Urodziłam moją córkę w wieku 29 lat, czyli podobnie jak ewuniamiii. Nie zdecydowałam się na drugie od razu, więc tym bardziej później. jesli ktoś czuje się na siłach, to oczywiście ok, ale ja w okolicach czterdziestki już się nie czułam. I wiecie co? Dziś chętnie bym sobie pojechała z koleżankami do jakiegoś sanatorium, czy SPA, ale nie mogę zostawić dziecka w najtrudniejszym wieku na tak długo. Moje koleżanki mają już odchowane dzieci na studiach i mogą jeździć. Nikt nie bierze pod uwagę tego, że po czterdziestce zdrowie trochę zaczyna szwankować i trzeba o siebie trochę zadbać. Ja dzięki Bogu nie leczę się na nic i nie biorę leków, ale kręgosłup mi trochę nawala i nie moge sobie pozwolić na dłuższy wyjazd.
Odnośnik do komentarza
Udostępnij na innych stronach

Ja mam dwie córeczki 5 i 2 lata.

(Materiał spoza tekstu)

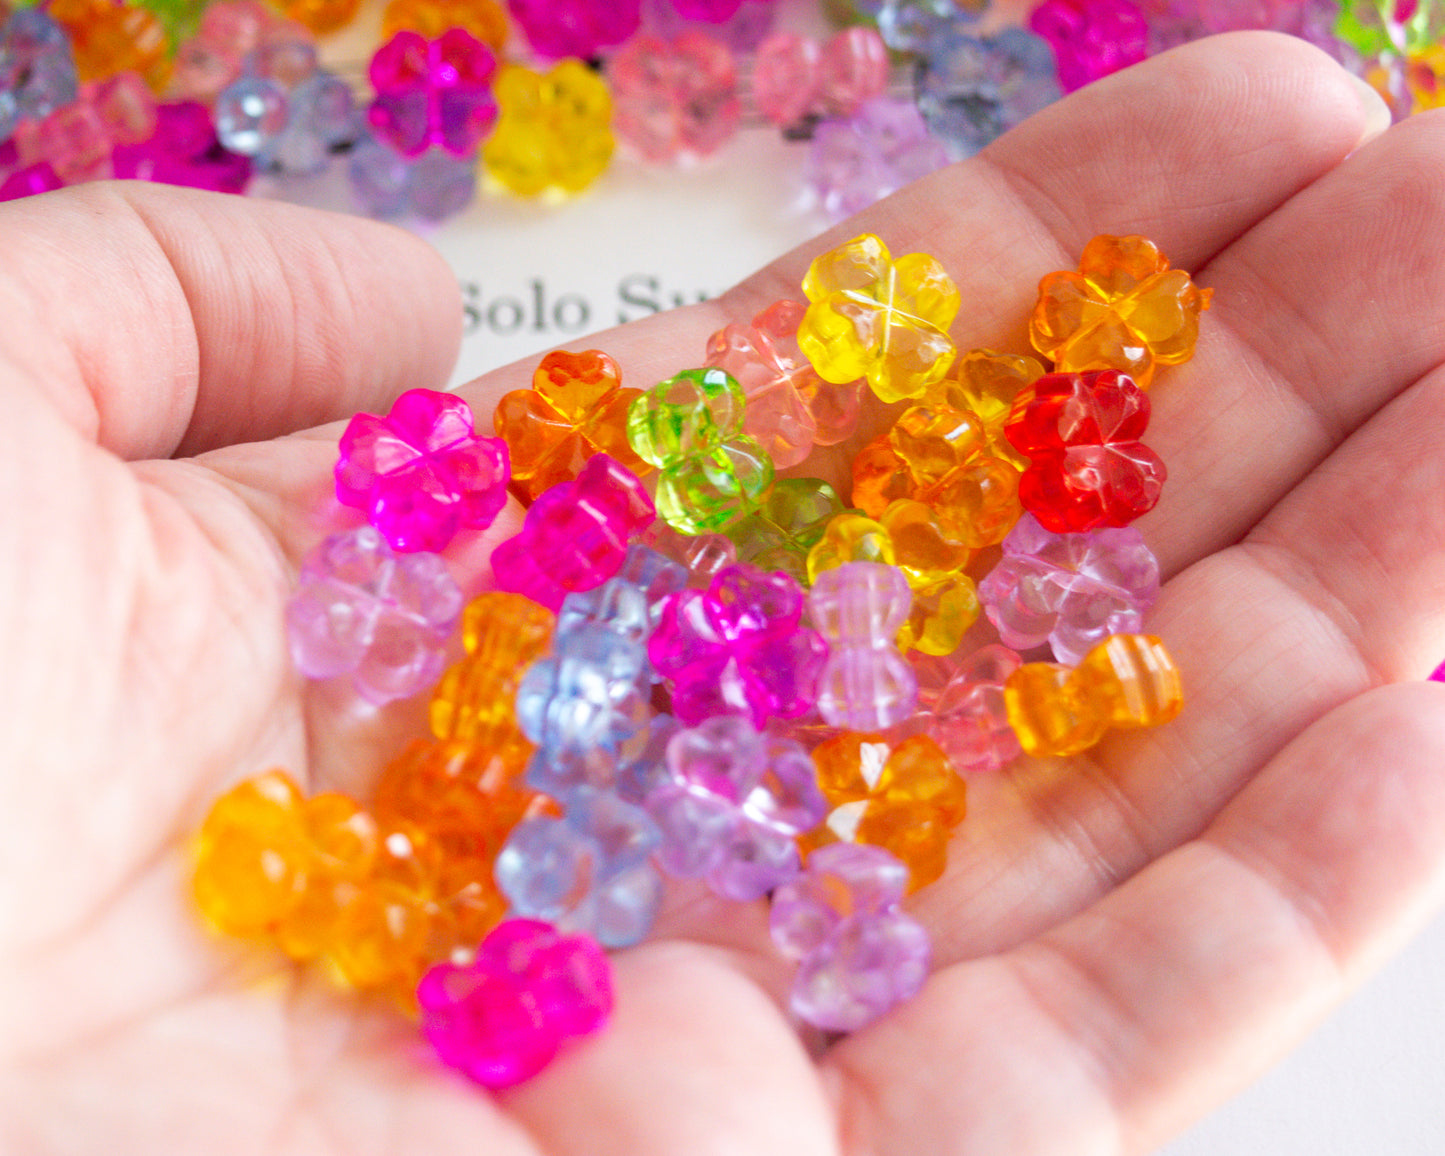 10mm Faceted Flower Beads in Transparent Acrylic, Four-Leaf Clover Shape

Kocham je baaardzo, ale czuję się trochę zmęczona i jak ktoś mi na siłę wpiera, że przydałby się Jasio, bo chłopaka brak, to mu mówię, że może być ale w charakterze zięcia 8)

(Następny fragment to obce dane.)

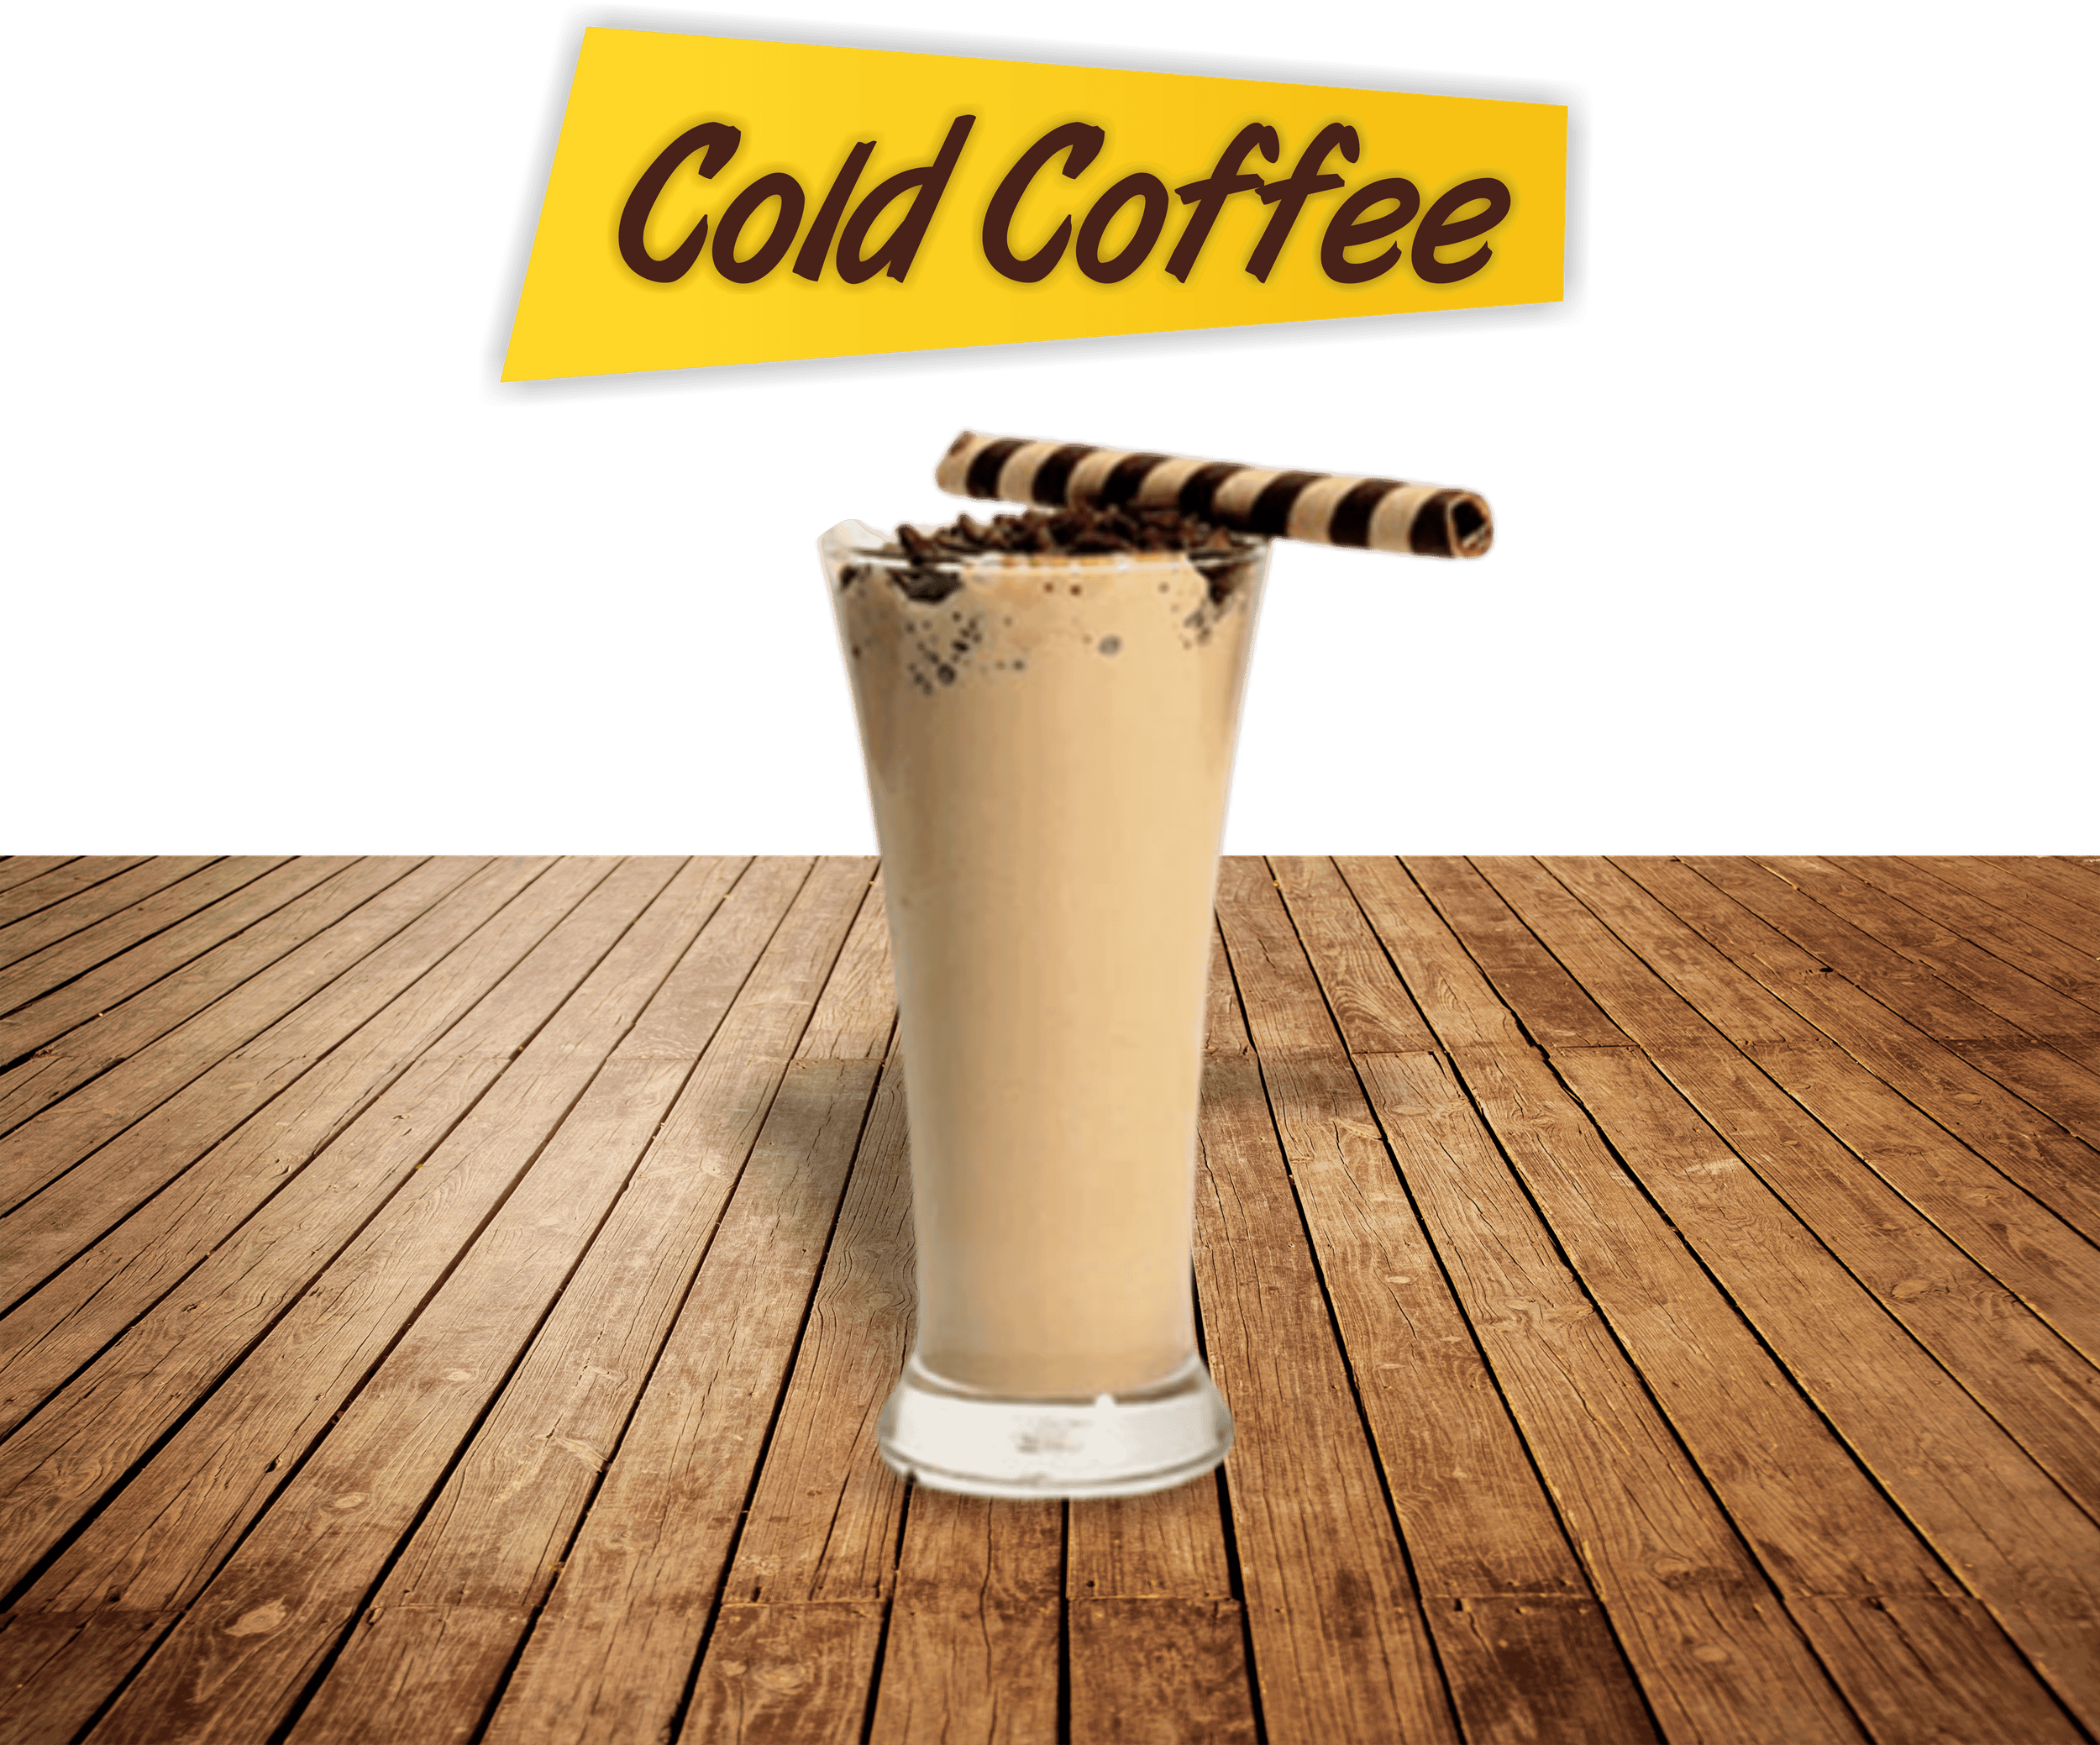 Cold Coffee_11zon (1)

Jako, że mowa tu o wieku matki, to przyznam się, że mam 34 lata i będąc w pierwszej ciąży mój lekarz żartował ze mnie mówiąc " stara pierworódka" ... no coż ...

to o zdrowiu, co mówiła moja poprzedniczka to prawda - jeszcze człowiek młody ale kondycji, żeby za maleństwem ganiać już nie mam tyle. No i chciałabym wreszcie nadrobić braki w lekturach, teatrze, kinie, podróżach .... Wiem, że niektórzy jakoś to godzą z posiadaniem dzieci ale ja chyba jakoś nie :roll:

Odnośnik do komentarza
Udostępnij na innych stronach

A ja to bym sie zastanawiała czy mając dziecko po 40-tce zdążę doczekac jak skończy studia, będzie sie chciało żenić/wyjść za mąż i czy jeszcze doczekam wnuków ......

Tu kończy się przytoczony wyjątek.